* [WHAT THE TASK ASKS] Transcribe the records below word for word, beginning with the first line and stopping after the line that contains "Президент Турции Реджеп"; pictures are not part of the copy.

* [MATERIAL FOR THIS TASK]
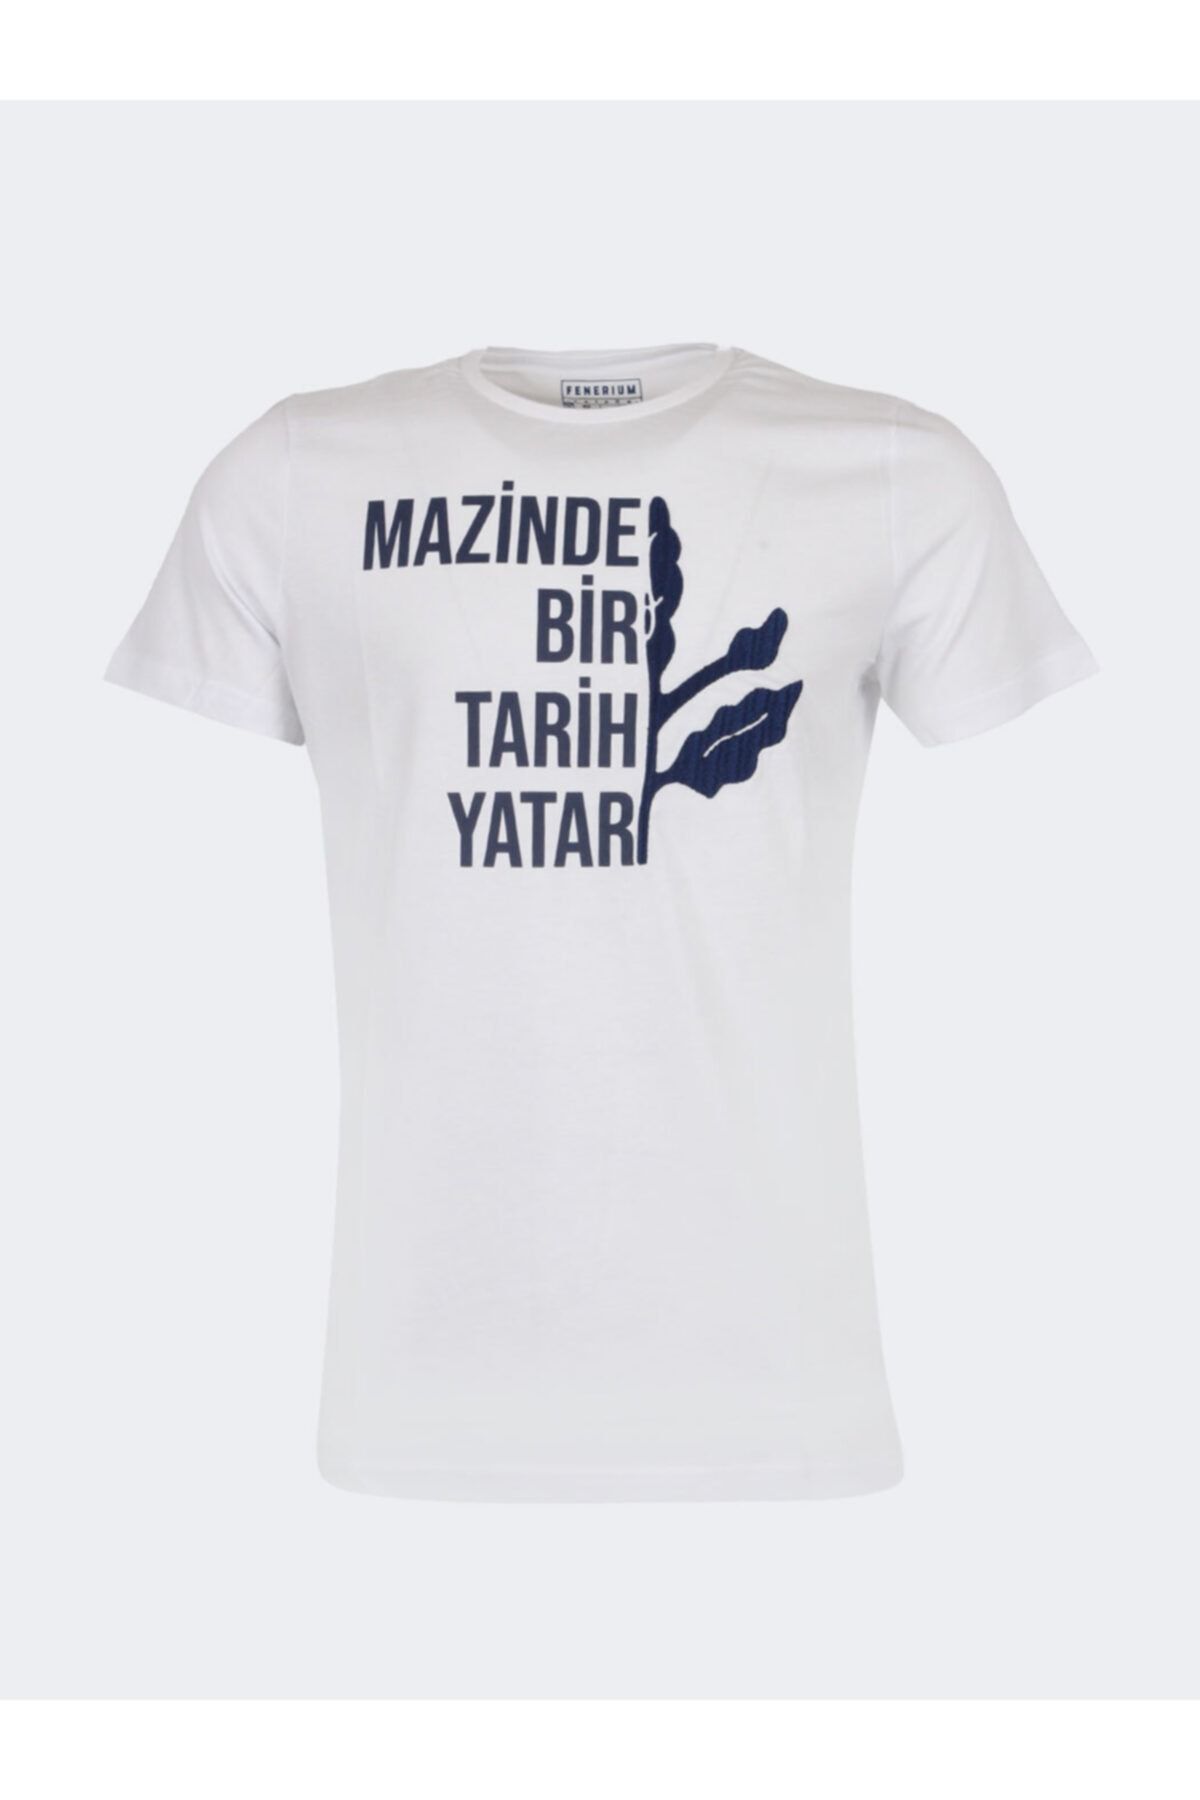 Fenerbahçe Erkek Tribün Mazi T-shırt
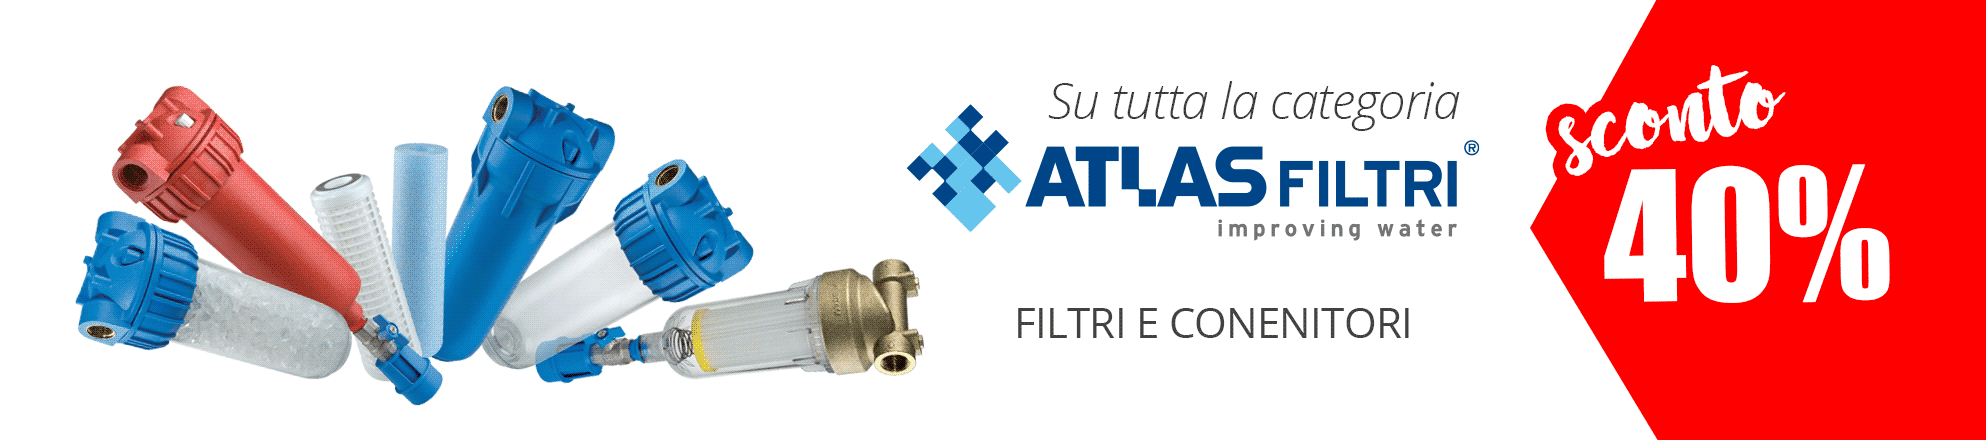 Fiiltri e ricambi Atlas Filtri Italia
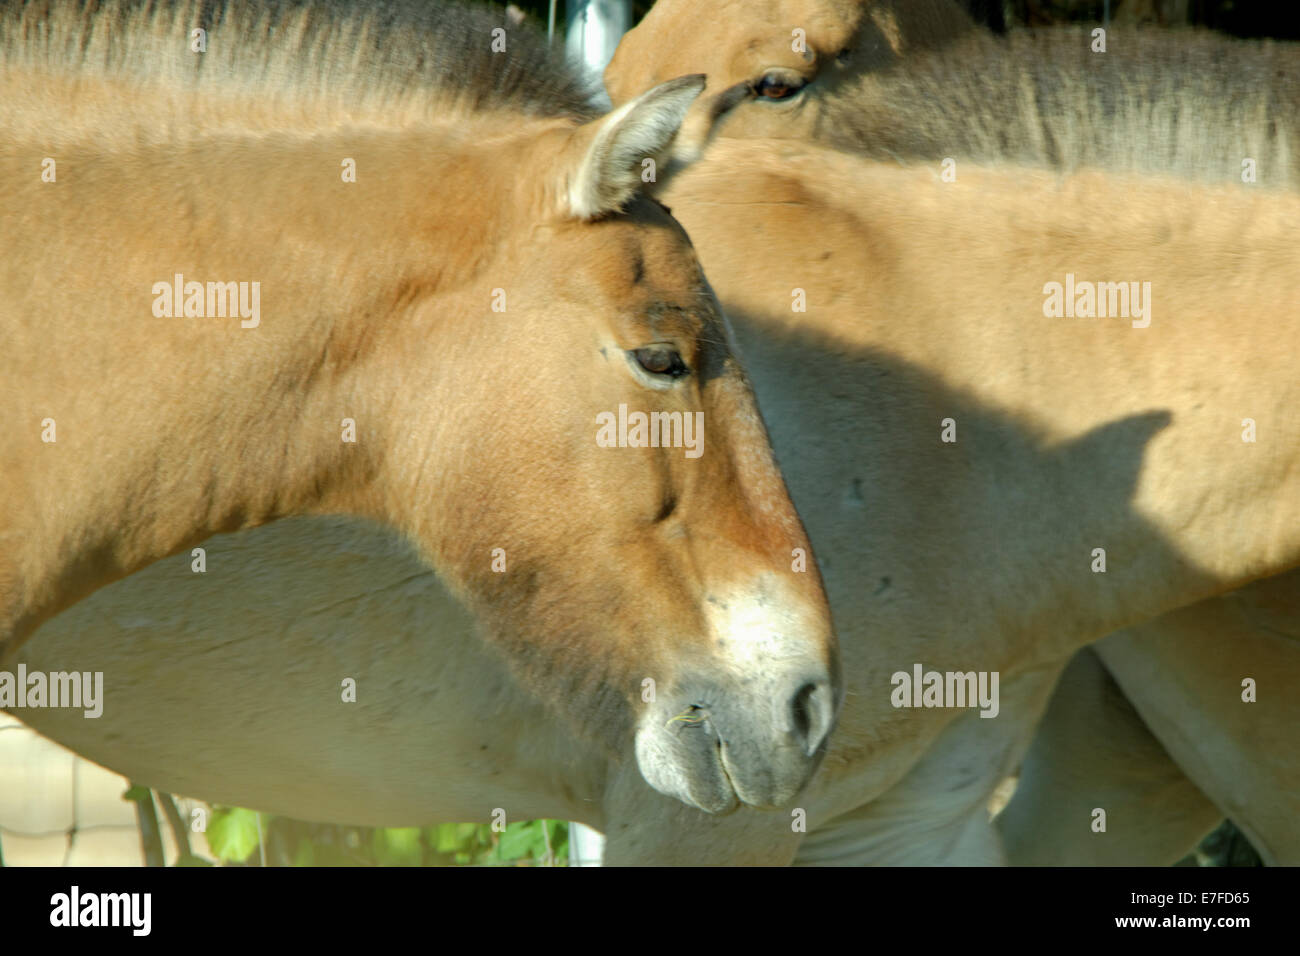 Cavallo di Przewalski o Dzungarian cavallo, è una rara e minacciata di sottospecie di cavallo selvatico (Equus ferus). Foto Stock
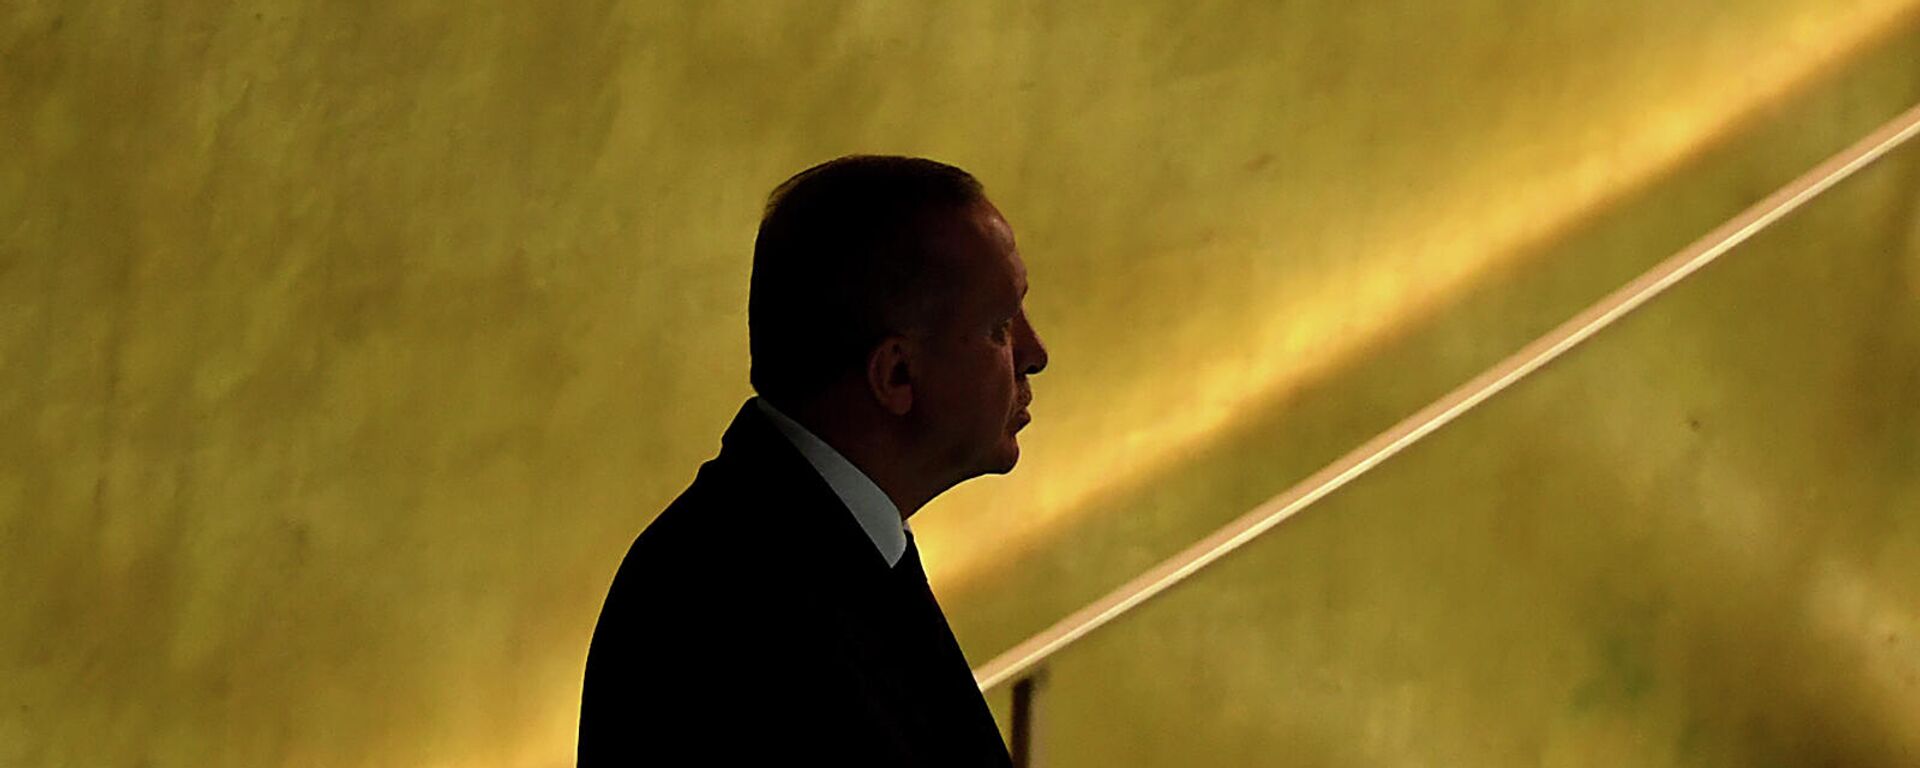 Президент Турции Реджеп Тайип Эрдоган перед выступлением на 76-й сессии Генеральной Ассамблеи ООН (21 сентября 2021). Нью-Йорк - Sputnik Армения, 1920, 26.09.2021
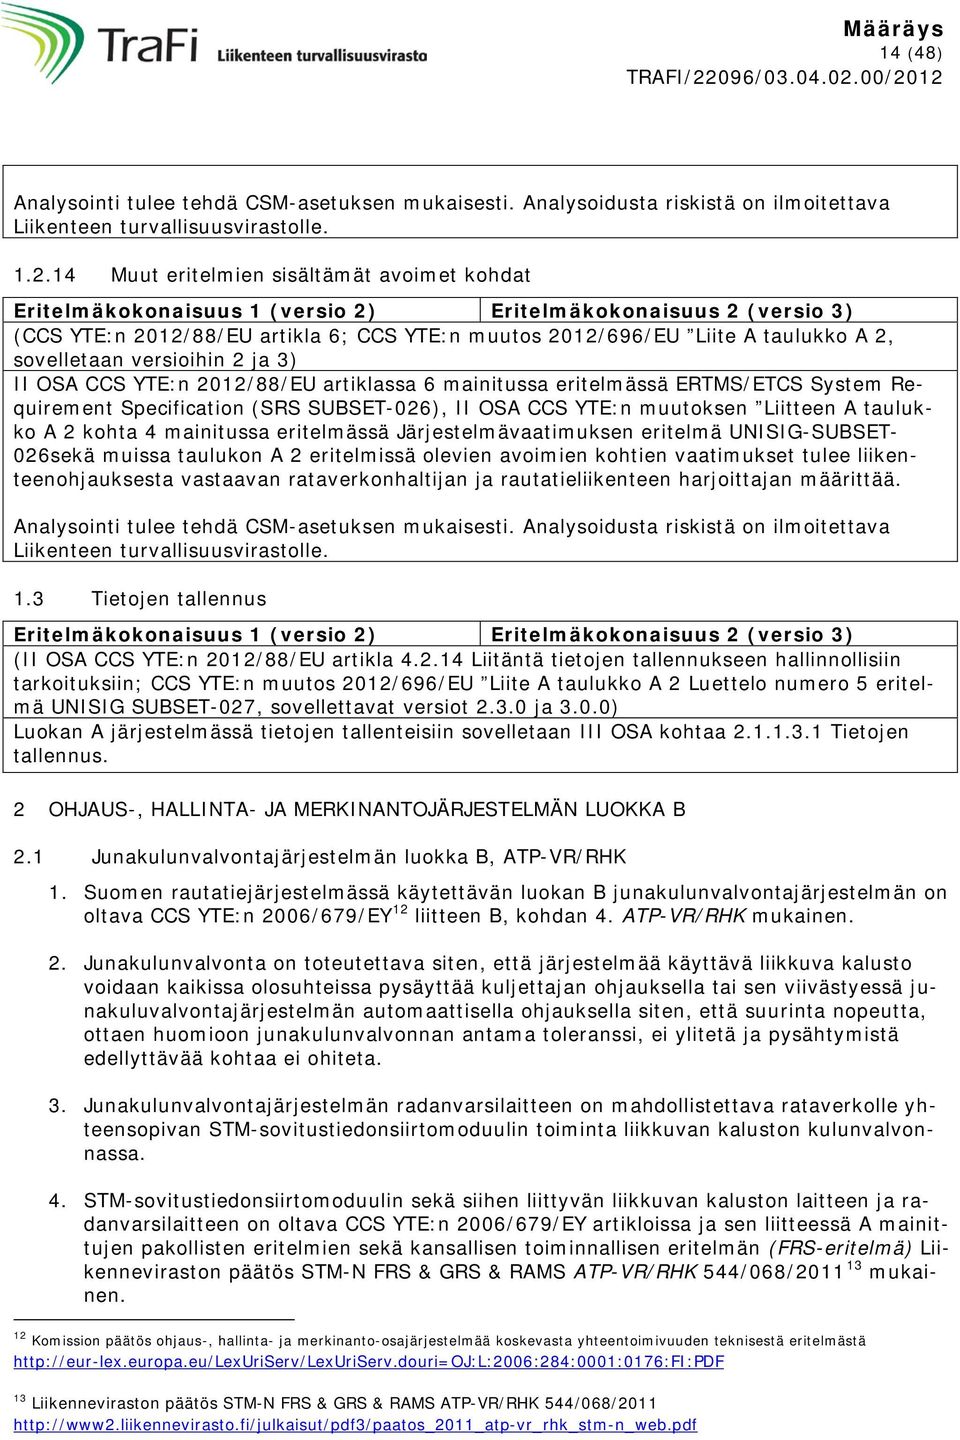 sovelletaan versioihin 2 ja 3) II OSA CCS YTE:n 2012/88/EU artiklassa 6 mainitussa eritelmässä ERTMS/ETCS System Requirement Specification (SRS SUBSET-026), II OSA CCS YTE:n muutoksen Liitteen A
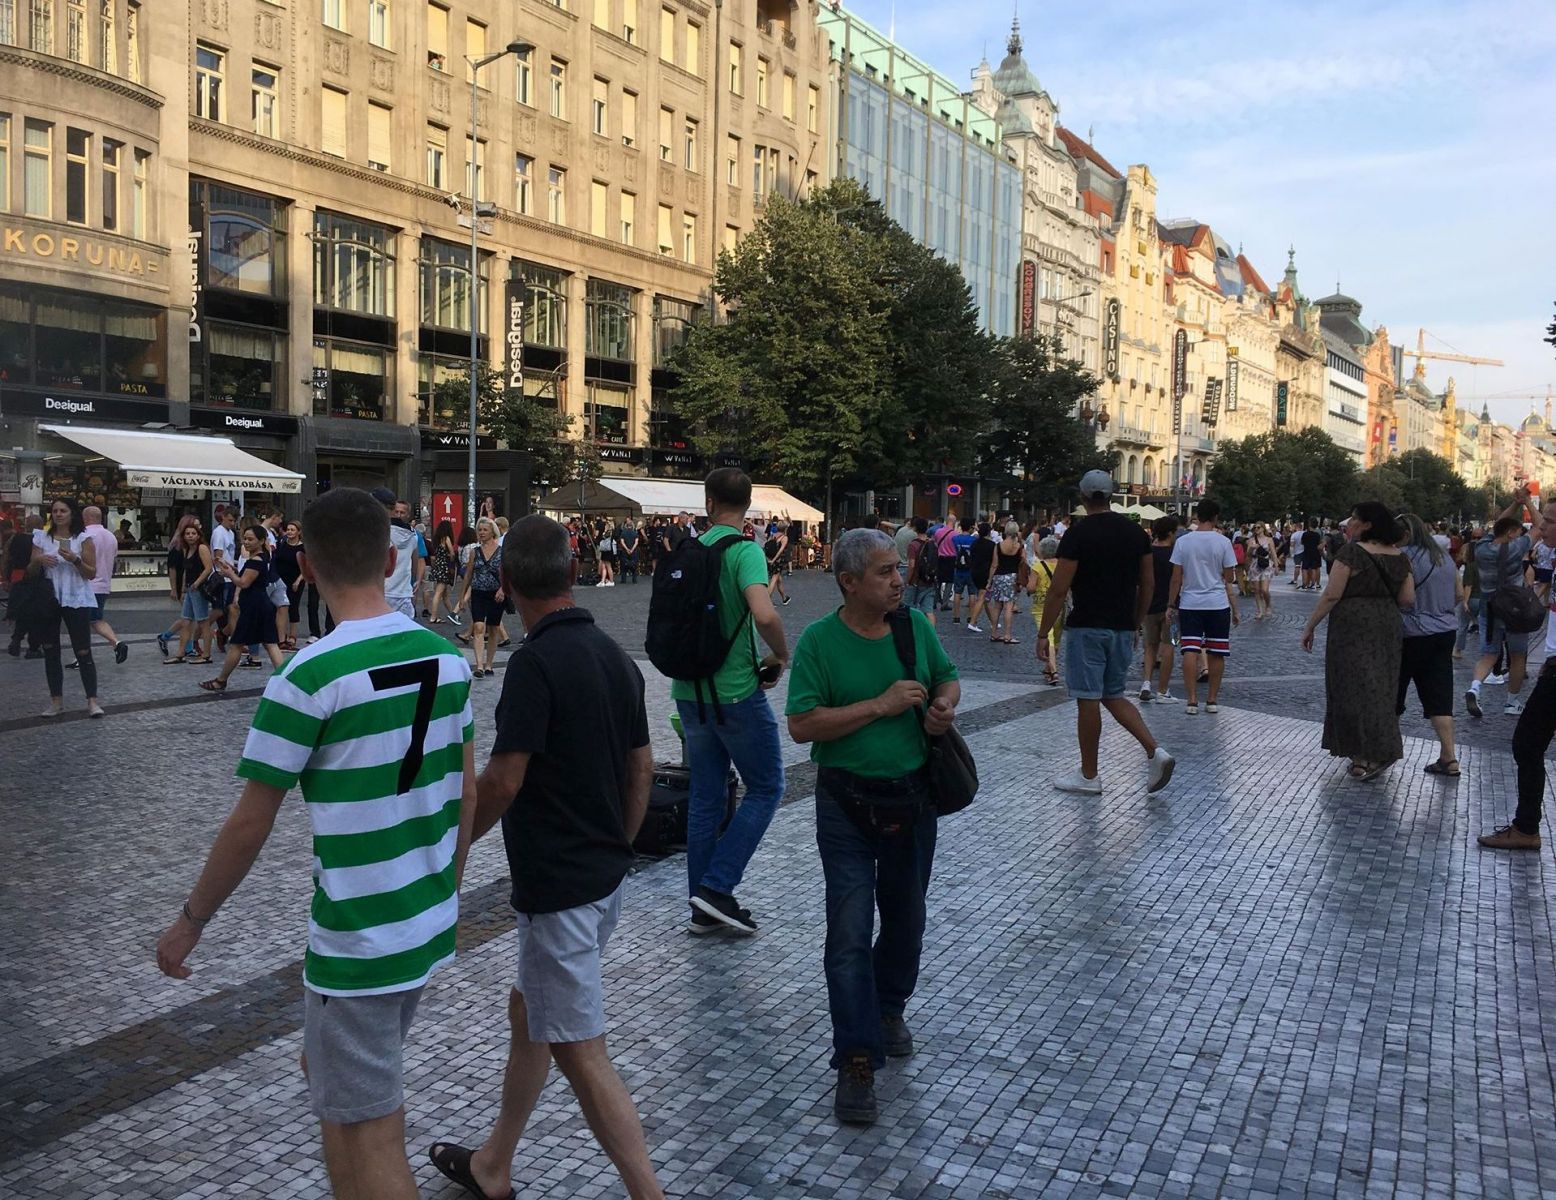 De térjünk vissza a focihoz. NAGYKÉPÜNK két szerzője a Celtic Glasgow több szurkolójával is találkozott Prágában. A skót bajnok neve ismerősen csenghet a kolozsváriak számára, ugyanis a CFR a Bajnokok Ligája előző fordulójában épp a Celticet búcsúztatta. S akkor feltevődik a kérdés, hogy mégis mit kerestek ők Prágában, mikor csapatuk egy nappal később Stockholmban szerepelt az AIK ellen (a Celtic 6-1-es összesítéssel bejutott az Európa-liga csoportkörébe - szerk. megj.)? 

* [FINAL ANSWER]
 Fenerbahçe Erkek Tribün Mazi T-shırt
 Fiiltri e ricambi Atlas Filtri Italia
 Cavallo di Przewalski o Dzungarian cavallo, è una rara e minacciata di sottospecie di cavallo selvatico (Equus ferus). Foto Stock
 Президент Турции Реджеп Тайип Эрдоган перед выступлением на 76-й сессии Генеральной Ассамблеи ООН (21 сентября 2021). Нью-Йорк - Sputnik Армения, 1920, 26.09.2021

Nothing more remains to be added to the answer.